Update: The new bridge officially opened to traffic in February 2019 and was named after former NC Senator and Dare Co. native Marc Basnight. The new bridge spans 2.8 miles long and was built parallel to the former structure, which is in the process of being removed. For more information, read our blog about the Bonner Bridge Replacement Project.
10. Chicamacomico Life-Saving Station & Museum
Location: 23645 NC Hwy 12, Rodanthe, NC 27968 | Website
The Chicamacomico (“chi-ka-ma-COM-i-co“), Life-Saving Station was built in 1874 and was one of many stations funded by the government as a response to the frequent shipwrecks in the seas along the coast (known as the Diamond Shoals). The most famous rescue for this station, and one of the most impressive in maritime history was the rescue attempt of the SS Mirlo in 1918 which was struck down by a German U-boat during WWI. Keeper John Allen Midgett and his crew took surfboat No. 1046 out into the fiery waters surrounding the wreck to search for survivors and successfully rescued 42 British sailors. Although these stations were once operated by the U.S. Lifesaving Service division, coastal life-saving services were taken over by the United States Coast Guard when it was created in 1915. Today, the Chicamacomico site honors the bravery of these heroic lifesavers and gives visitors the chance to learn about the history of maritime rescue while exploring original buildings and a museum featuring replicas, equipment and other artifacts.
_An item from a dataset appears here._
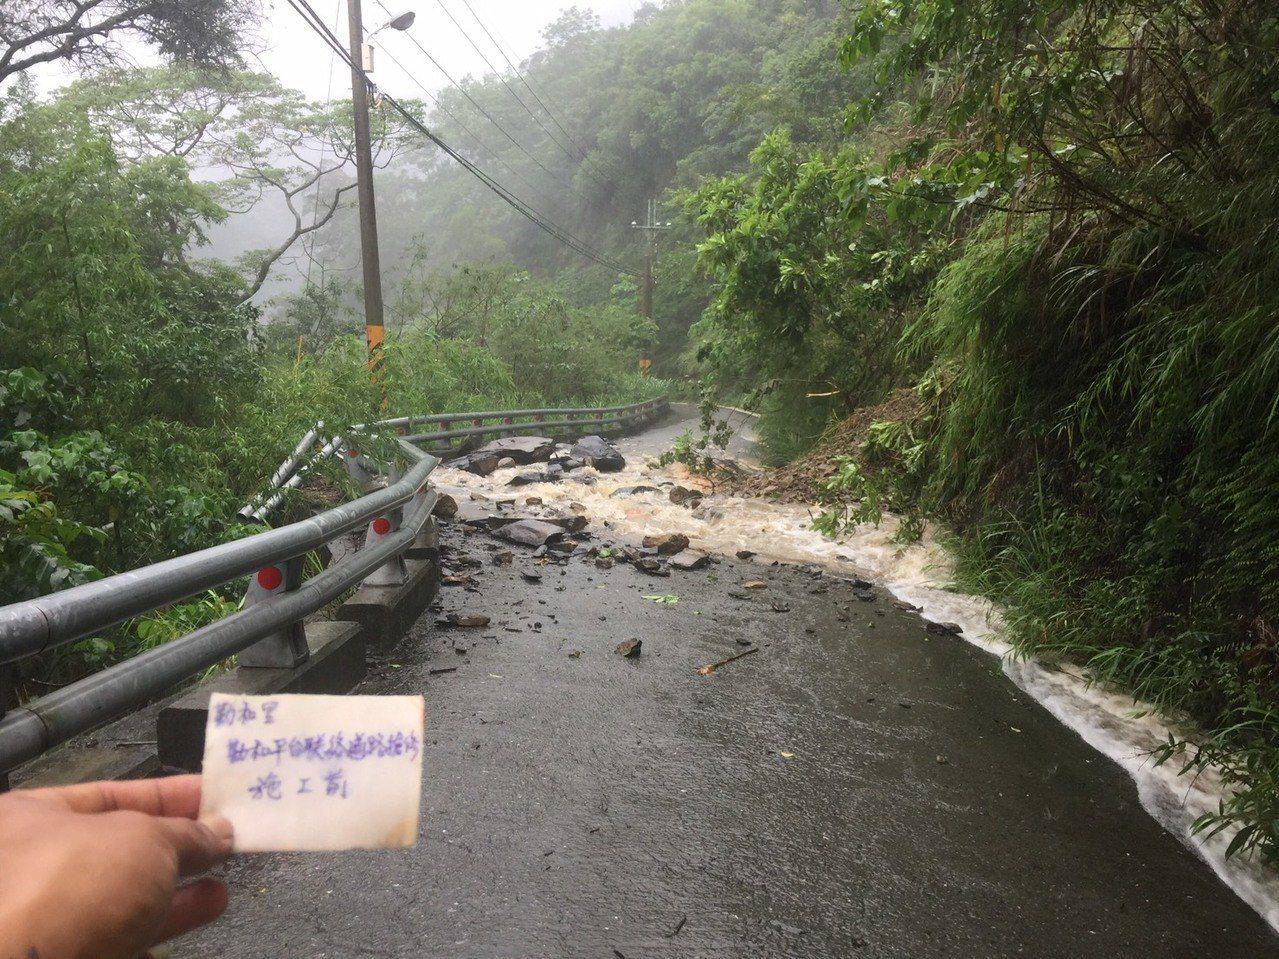 高雄桃源區雨勢不斷,勤和里聯外路段發生零星坍方。圖/桃源區公所提供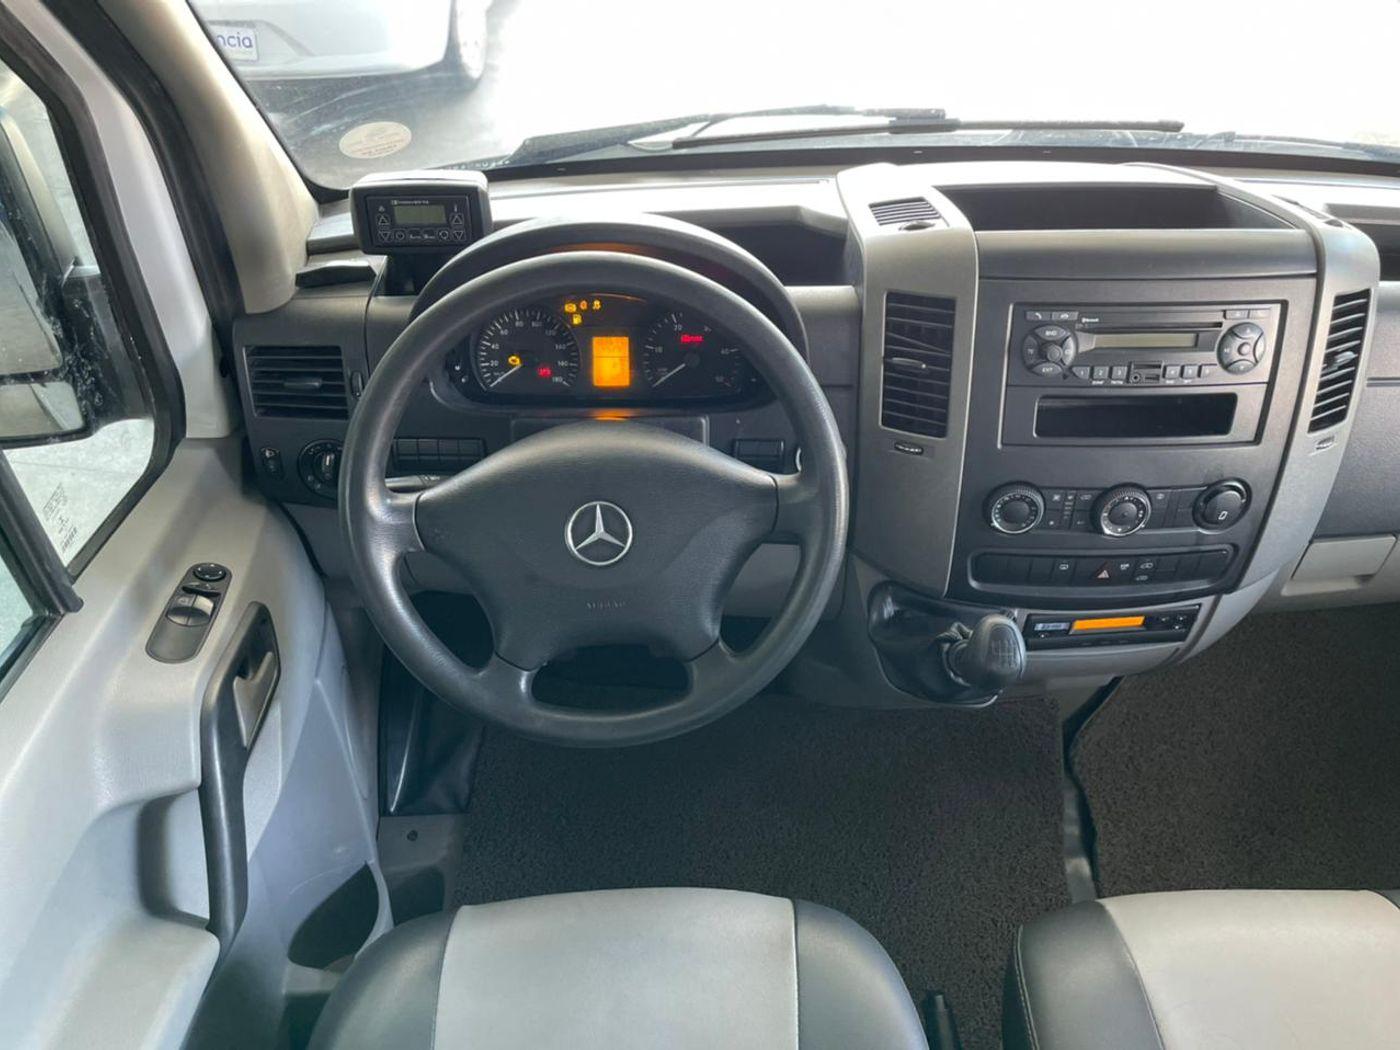 Mercedes Sprinter 415 VAN Luxo T.B. 2.2 Diesel

11. Graveyard of the Atlantic Museum
Location: 59200 Museum Dr. Hatteras, NC 27943 | Website
Between treacherous storms, volatile currents and strong waves caused by the shifting sandbars, the waters around the Outer Banks have become the final resting place of thousands of ships and their crew throughout history. This dangerous area of water, known as The Diamond Shoals, earned the nickname “Graveyard of the Atlantic” due to these abundant and horrible losses. Located on the southern tip of Hatteras Island, the Graveyard of the Atlantic Museum lets visitors discover maritime history through its artifacts and exhibits. From diving, fishing and life-saving to naval warfare, piracy, and shipwrecks, the museum explores the evolution of oceanic technology and seafaring culture. Notable artifacts include the original 1854 First Order Lens from the Cape Hatteras Lighthouse and artifacts from Blackbeard’s Queen Anne’s Revenge.
12. British Cemetery
Location: British Cemetery Rd., Ocracoke Island, NC 27960
A small plot of land on the southern island of Ocracoke is home to a memorial for the British sailors who lost their lives on the HMT Bedfordshire in 1942 during the Second World War. During WWI and WWII, the Atlantic surrounding the area was known as “Torpedo Alley” – a dangerous stretch of waters infamous for being the final resting place of over 350 ships due to attacks from German U-boats. When the HMT Bedfordshire was struck, there were no survivors and the local families who lived on Ocracoke Island at the time decided to create a proper burial ground for the four sailors whose bodies did wash ashore. Maintained by the Ocracoke Coast Guard, a ceremony is held each year in May to honor those who served and is attended by members of the British Royal Navy and the U.S. Coast Guard.